Seth Ackerman wrote:
> What's with this "willful misattribution"? I was
> under the impression that you're against the welfare
> state, based on comments like the one below. But I
> phrased it in the form of a question to give you an
> opportunity to explain your position.
Seth, notice the key phrase "but not supporting open borders":
"Anyone arguing for some sort of social-democratic welfare state measures to cushion the blow of neo-liberalism for workers in the advanced countries, but not supporting open borders is defending racial privilege and welfare chauvinism of the advanced countries."
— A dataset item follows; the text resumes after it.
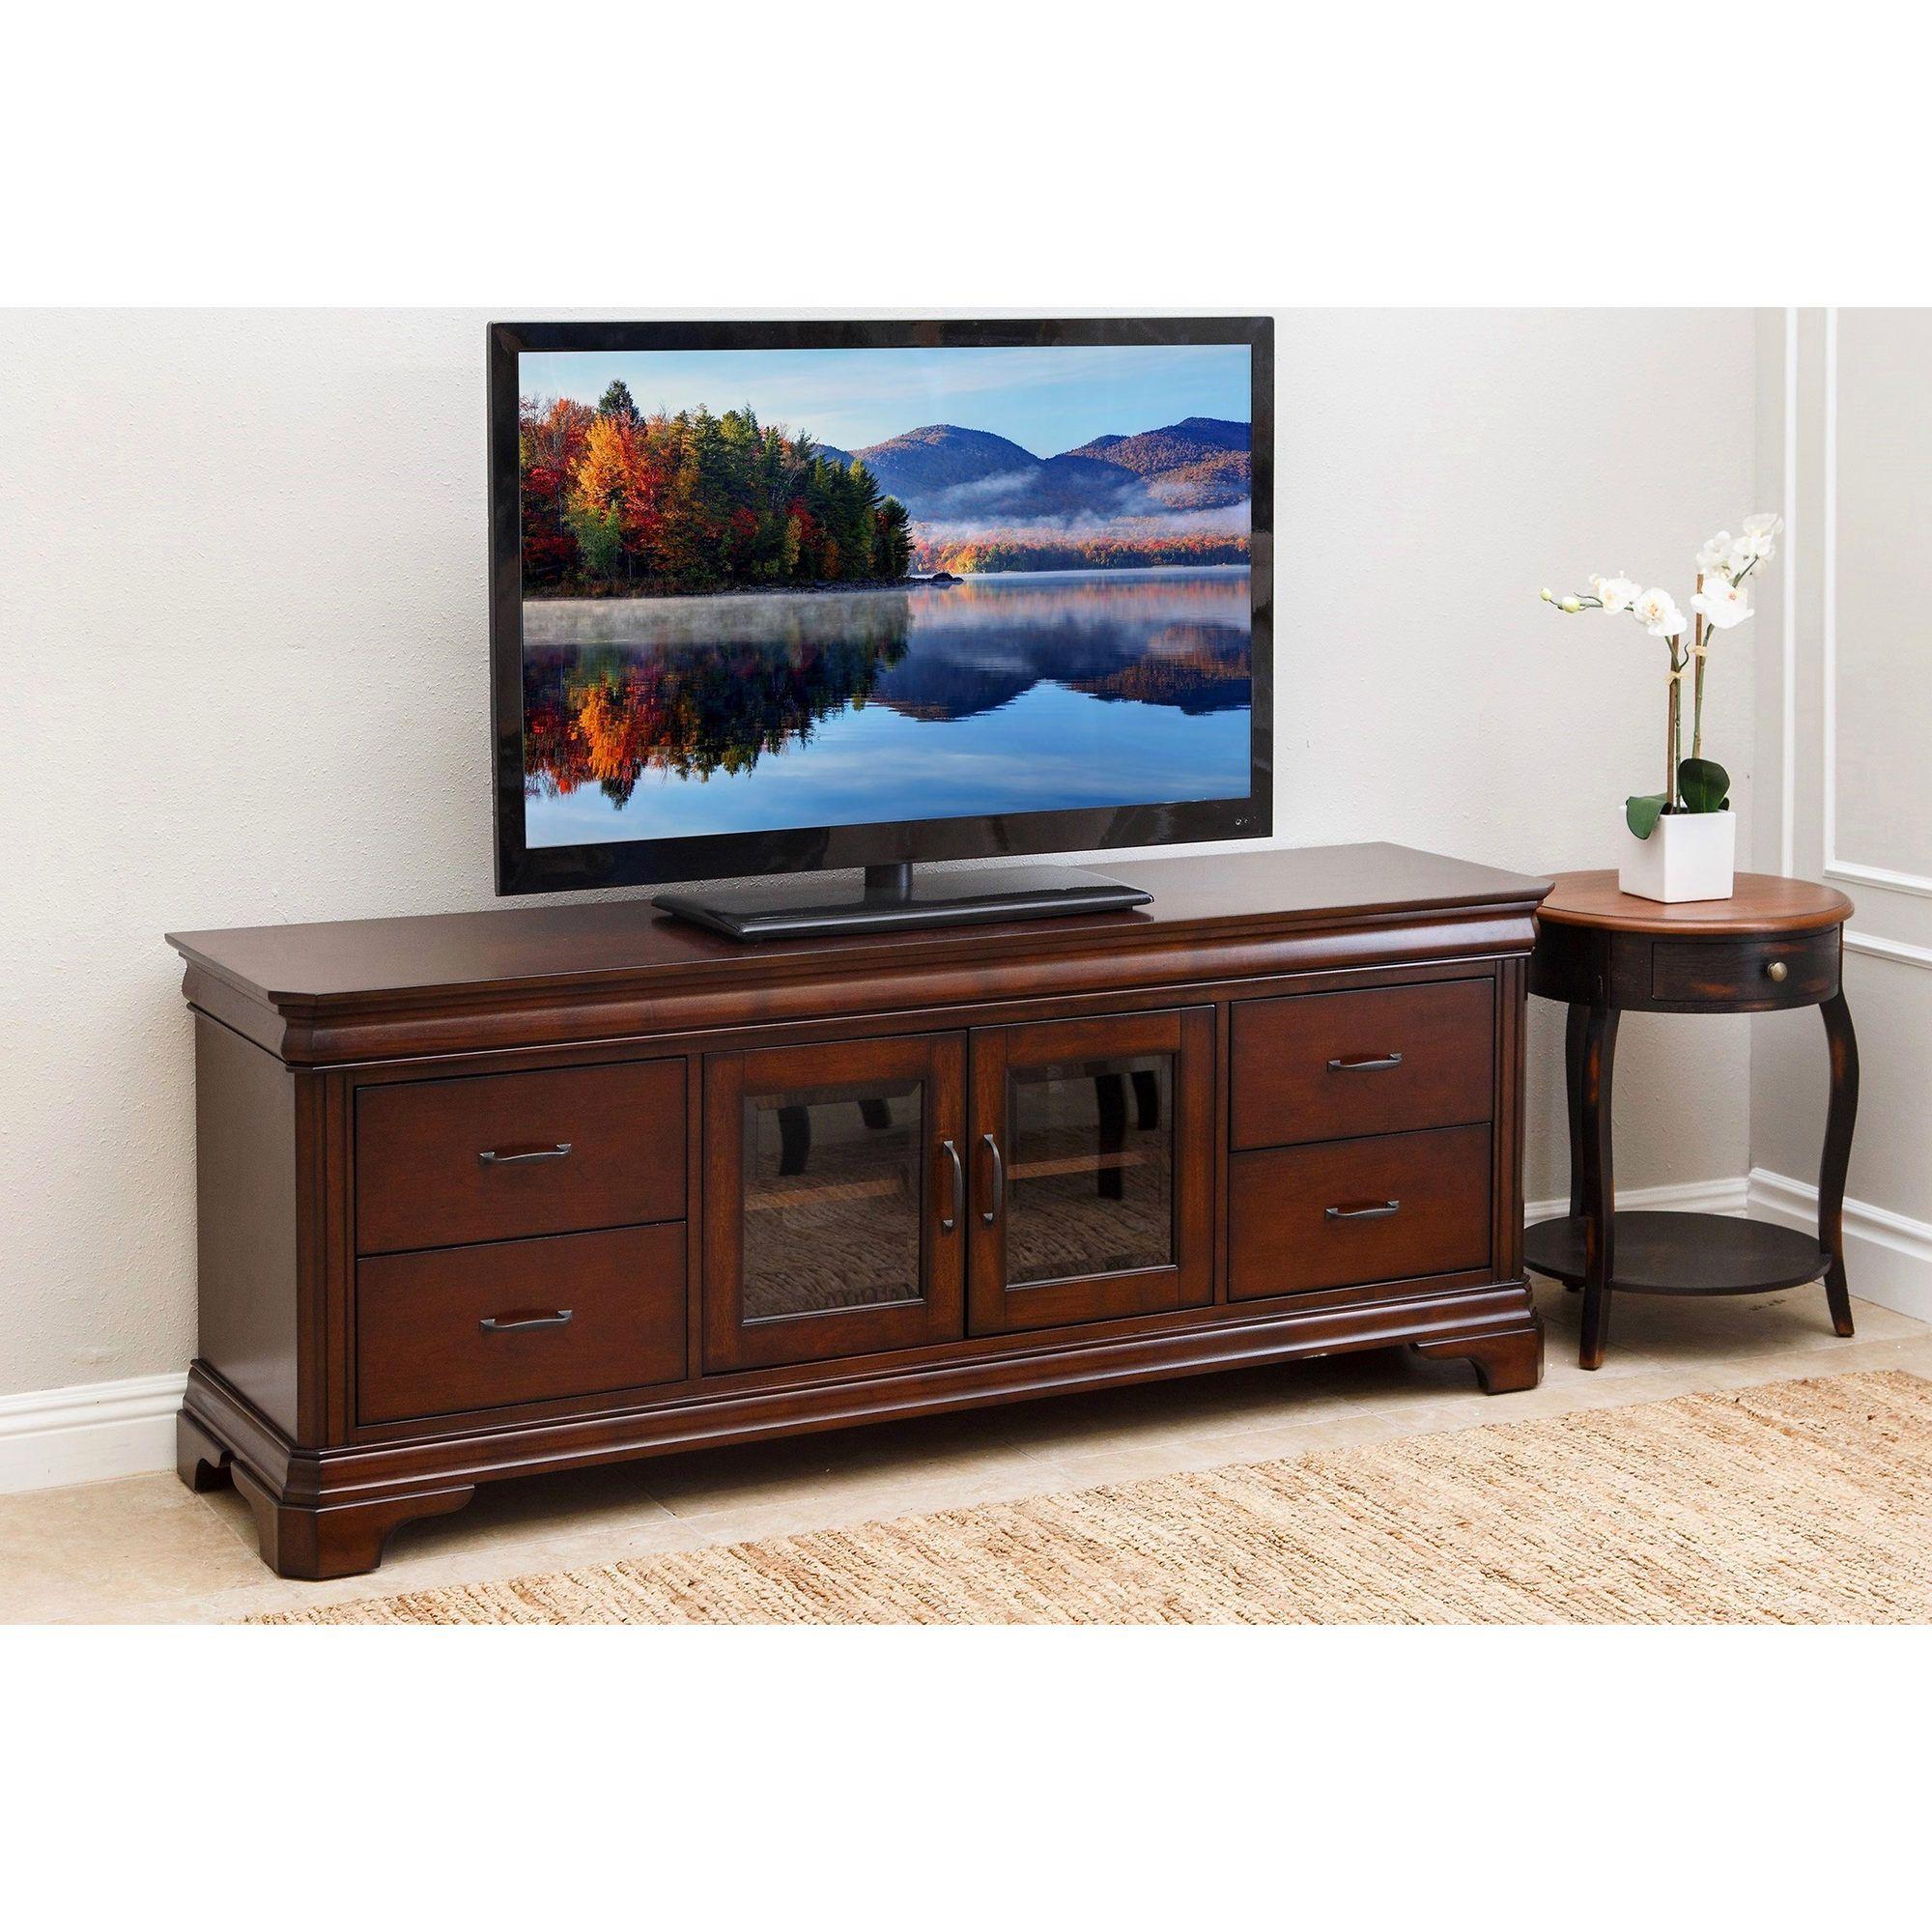 Abbyson Living Wildwood 72 Wood Tv Console Cherry Furniture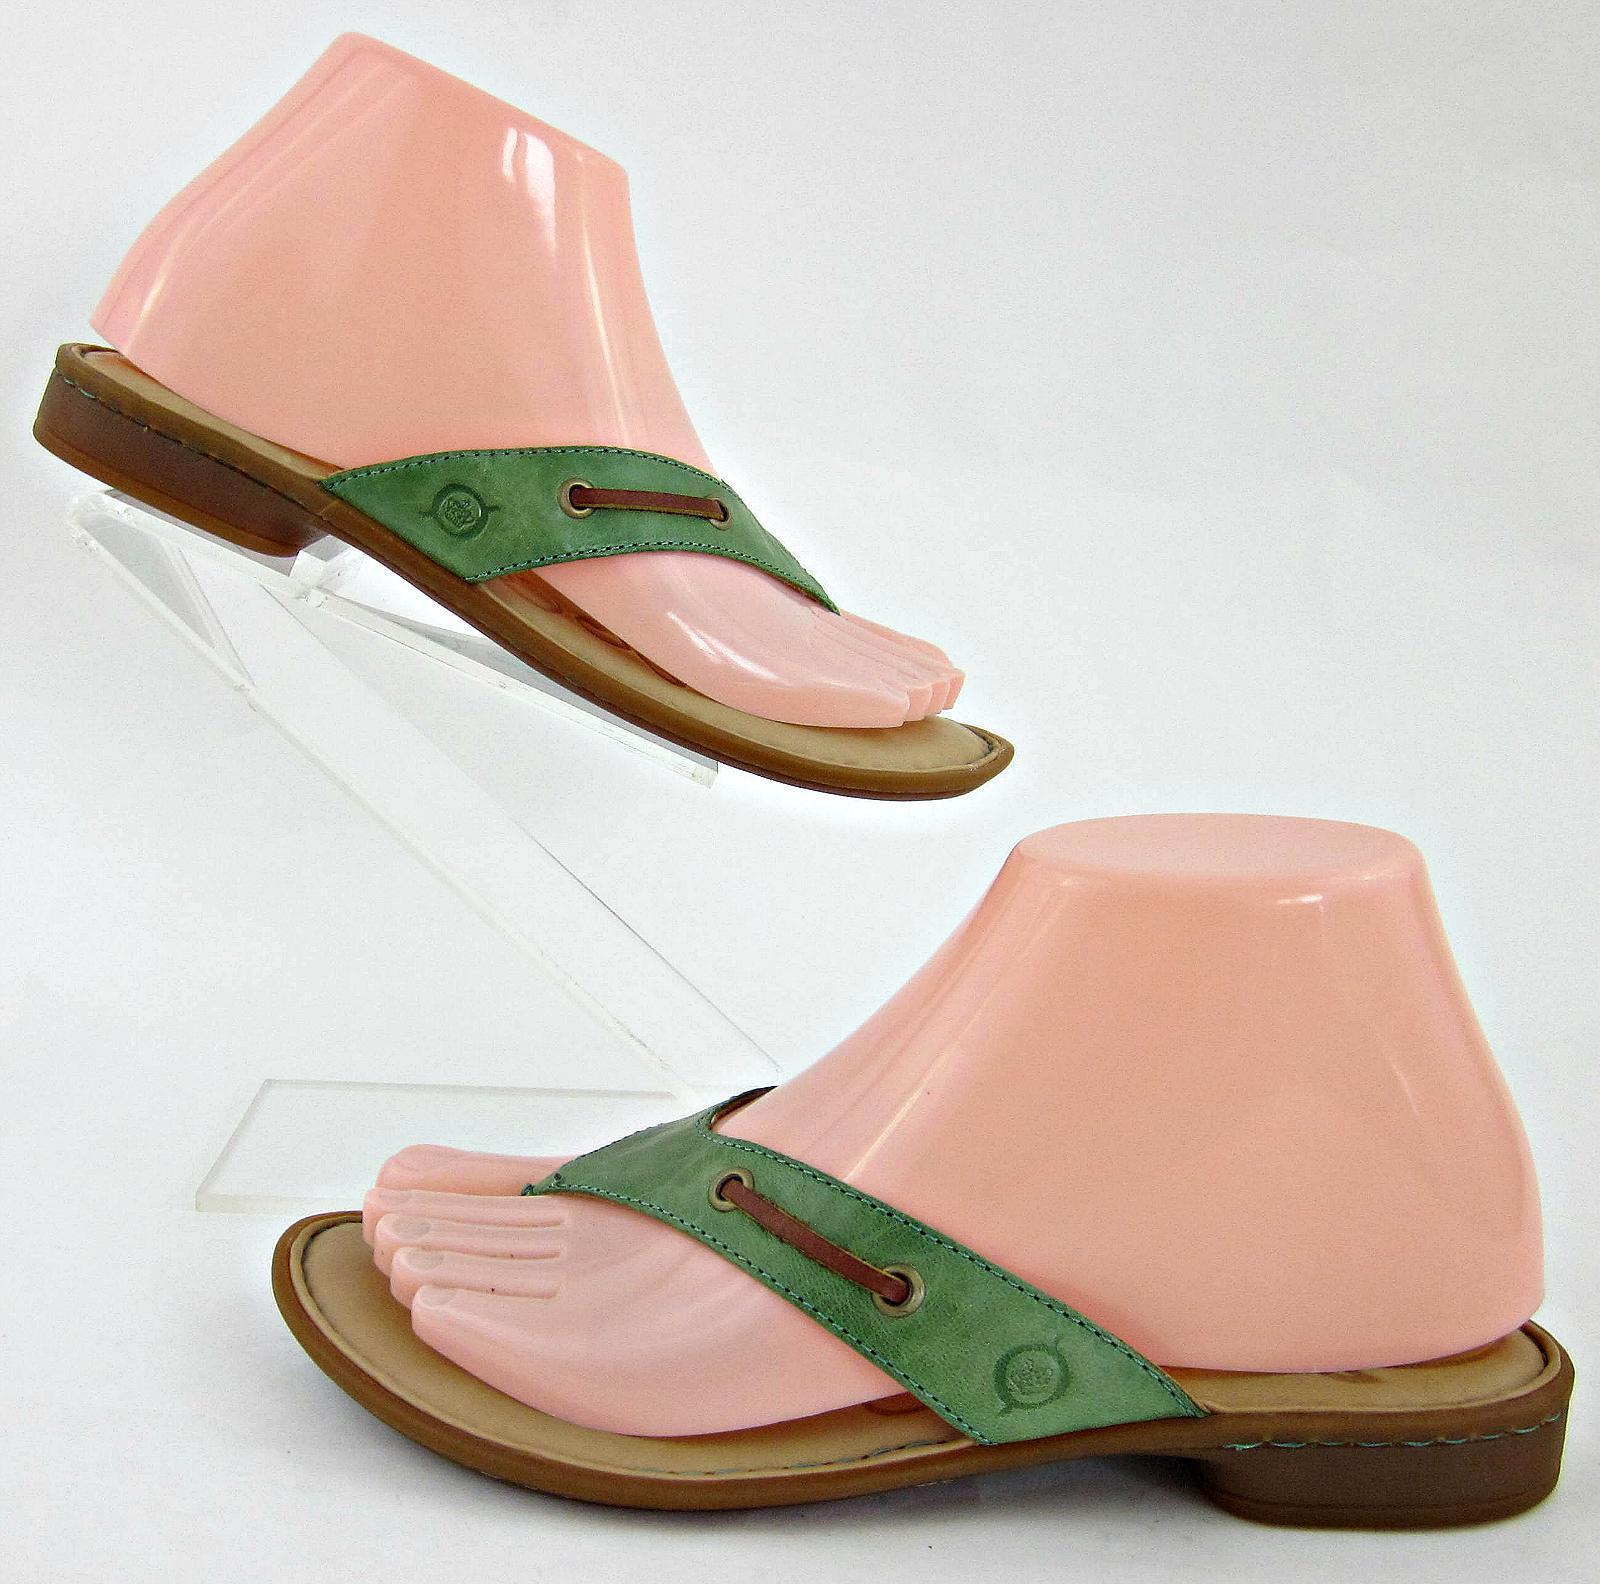 Born 'Toya' Thong Sandales Green Tan Leder Sz 6 Worn Once

> Angelus, I'm sure you know much more about the
German > scene than I do. All I know is what I read in
the
> papers. According to Der Spiegel
*snip*
> Beck wants to extend this period again, in
accordance > with a model developed by the German
Confederation
> of Trade Unions (DGB).
Seth, this is typical neo-liberal alarmism from der Spiegel. All Beck wants to due is prolong the period of paying out Arbeitslosengeld I for workers over a certain age. In this, he is not doing anything to help the masses of long-term unemployed under Arbeitslosengeld II, but is simply throwing a bone to the skilled-worker trade union clientel. It also makes sense. A skilled tradesman who spends 30 years working and paying into the social security system only gets Arbeitslosengeld I for, at the most, 18 months, before being forced to collect Arbeitslosengeld II and losing his civil rights (this sounds like exaggeration to you, I'm sure, but as my partner receives ALG II, I can tell you it it is pretty horrible what one is subjected to).
Perhaps the source of your confusion is that while Hartz IV is officially the name for the series of welfare reforms proposed by the Hartz commission, in the everyday vernacular it is used by people as a synonym for Arbeitslosengeld II. So when I say that this measure does nothing to affect people under Hartz IV, I mean that it does nothing to touch the draconian measures of ALG II.
But for the reactionaries at der Spiegel, even Beck's mild sop for the trade unions goes too far.
> you know how the SPD is inserting the words
> "democratic socialism" in their program to appeal to
> voters on the left? See for yourself how well that
> would play over here!
Except that over here, every leftist knows what a sad joke it is when the SPD employs such rhetoric.
I suspect the Europhilia of American leftists has to do with the fact that they all fantasize about being the Jean-Paul Belmondo character in Godard's A Bout de Souffle, running free through Paris and making love to Jean Seberg. Not that I blame them. I certainly do too. Unfortunately, that's not reality.